* _Given data_:
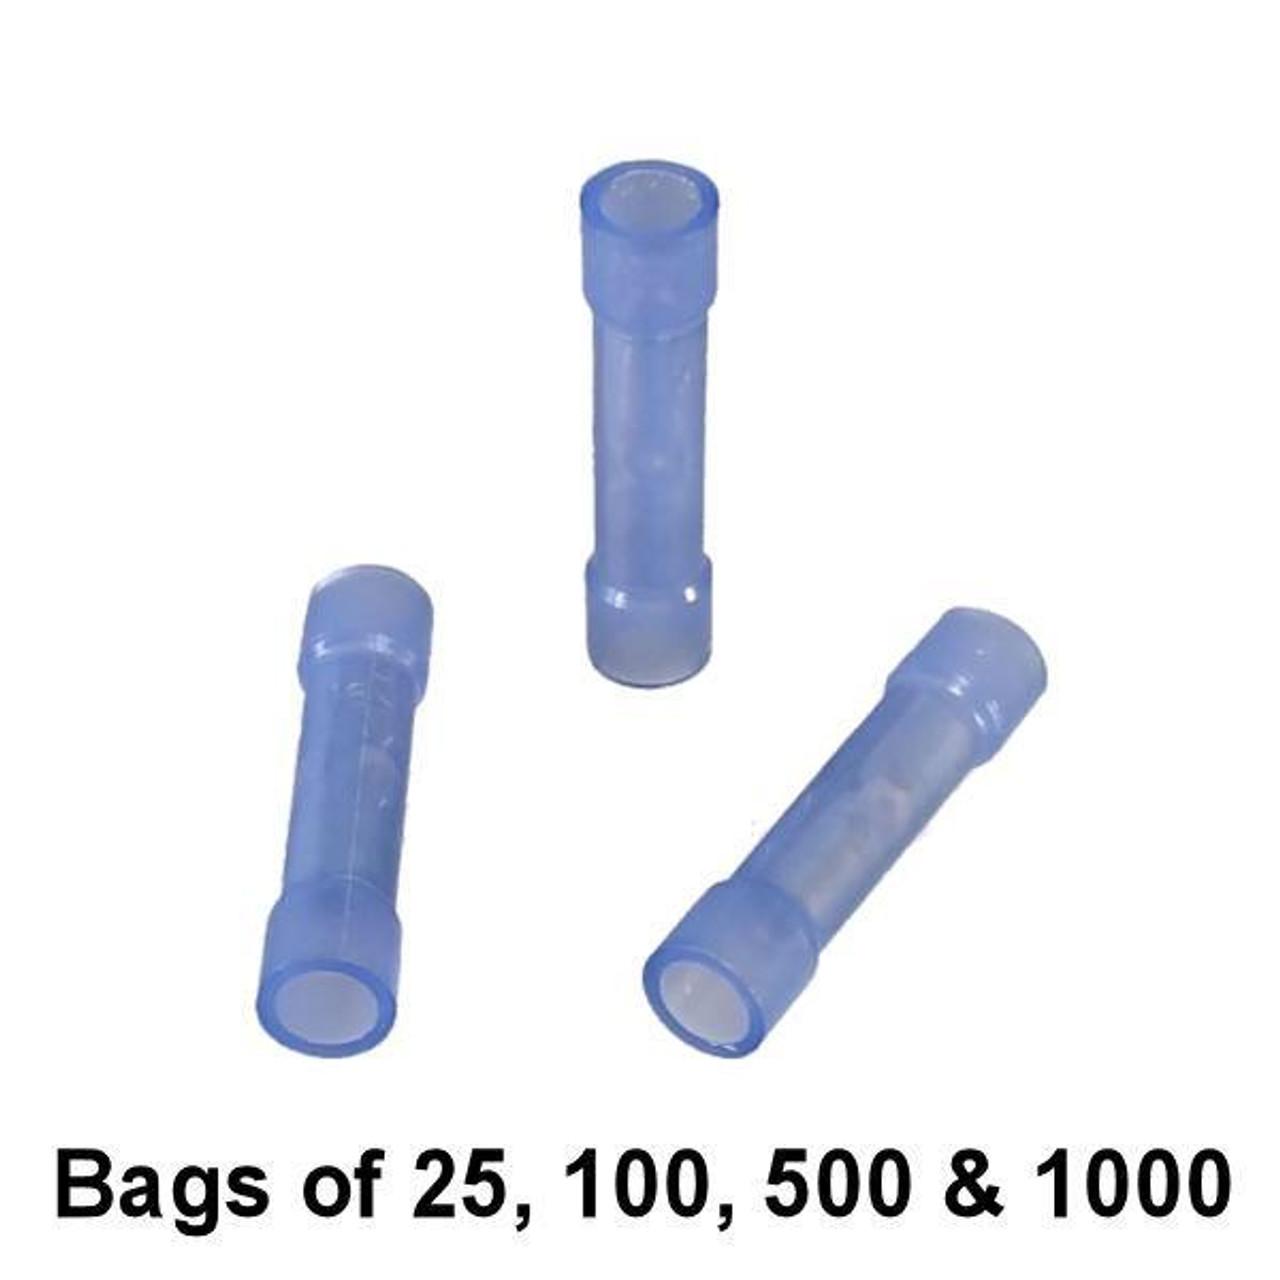 Blue Nylon Butt Connector - Bulk / Wholesale
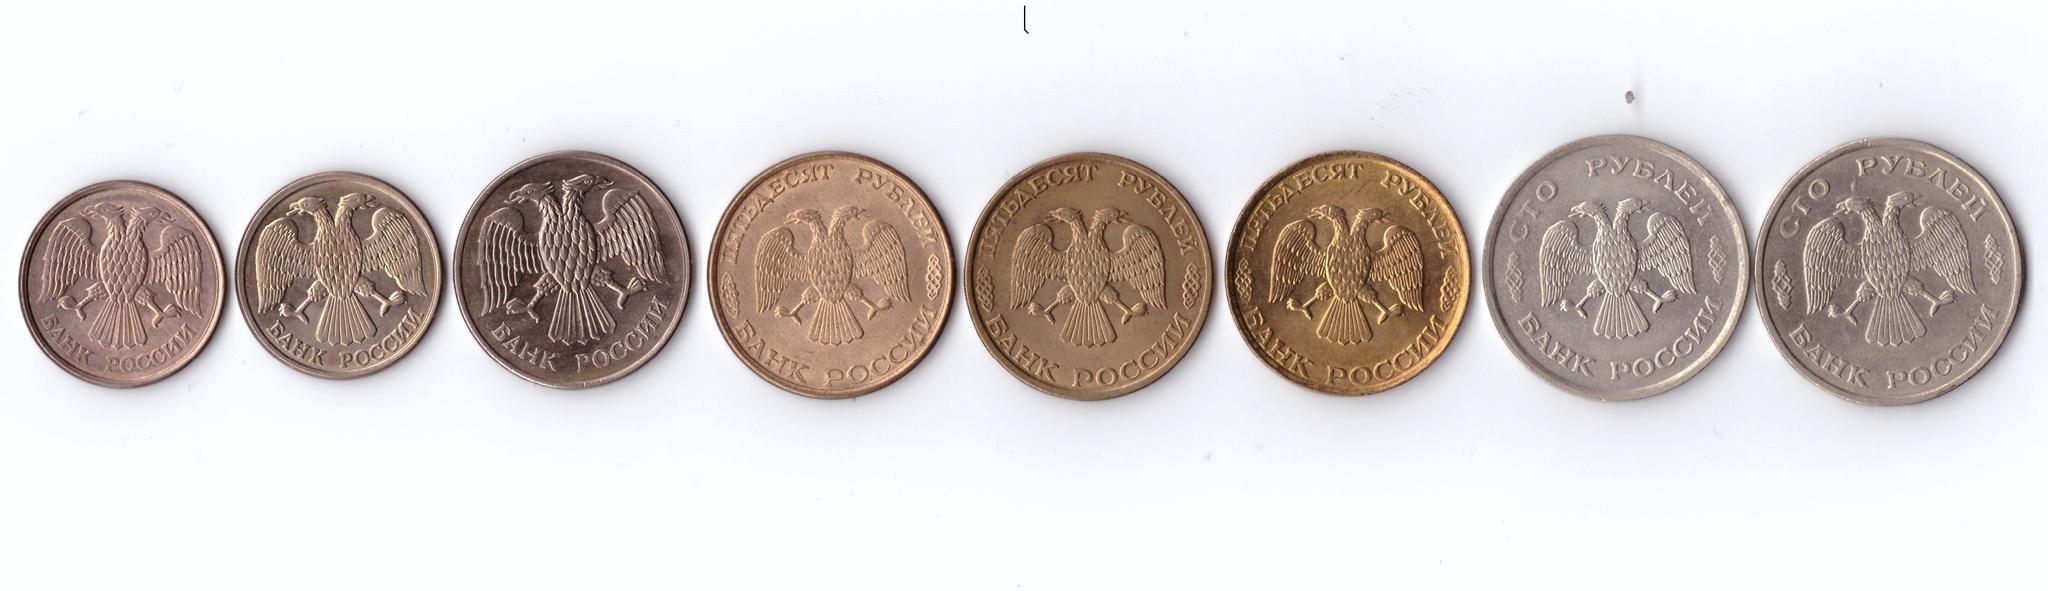 Годовой набор 1993 год 10, 20, 50, 100 рублей ММД и ЛМД (8 монет)
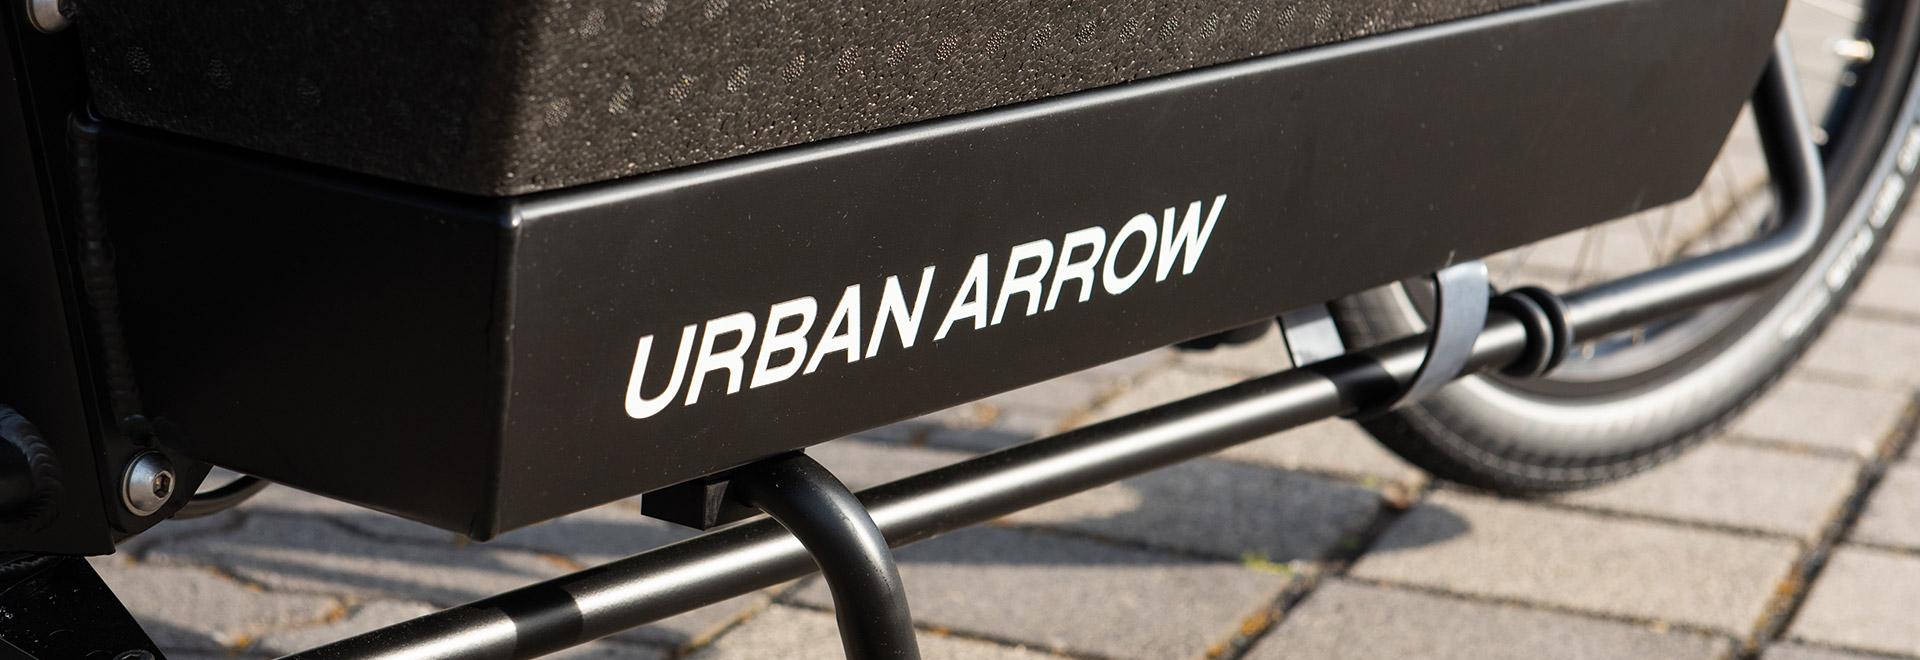 Urban Arrow Family – Kindertransport mit neuer Freiheit

* _Action item_: When you copy the listing above, reproduce every line exactly and skip the images.

* _The answer_:
 Blue Nylon Butt Connector - Bulk / Wholesale
 Годовой набор 1993 год 10, 20, 50, 100 рублей ММД и ЛМД (8 монет)
 Urban Arrow Family – Kindertransport mit neuer Freiheit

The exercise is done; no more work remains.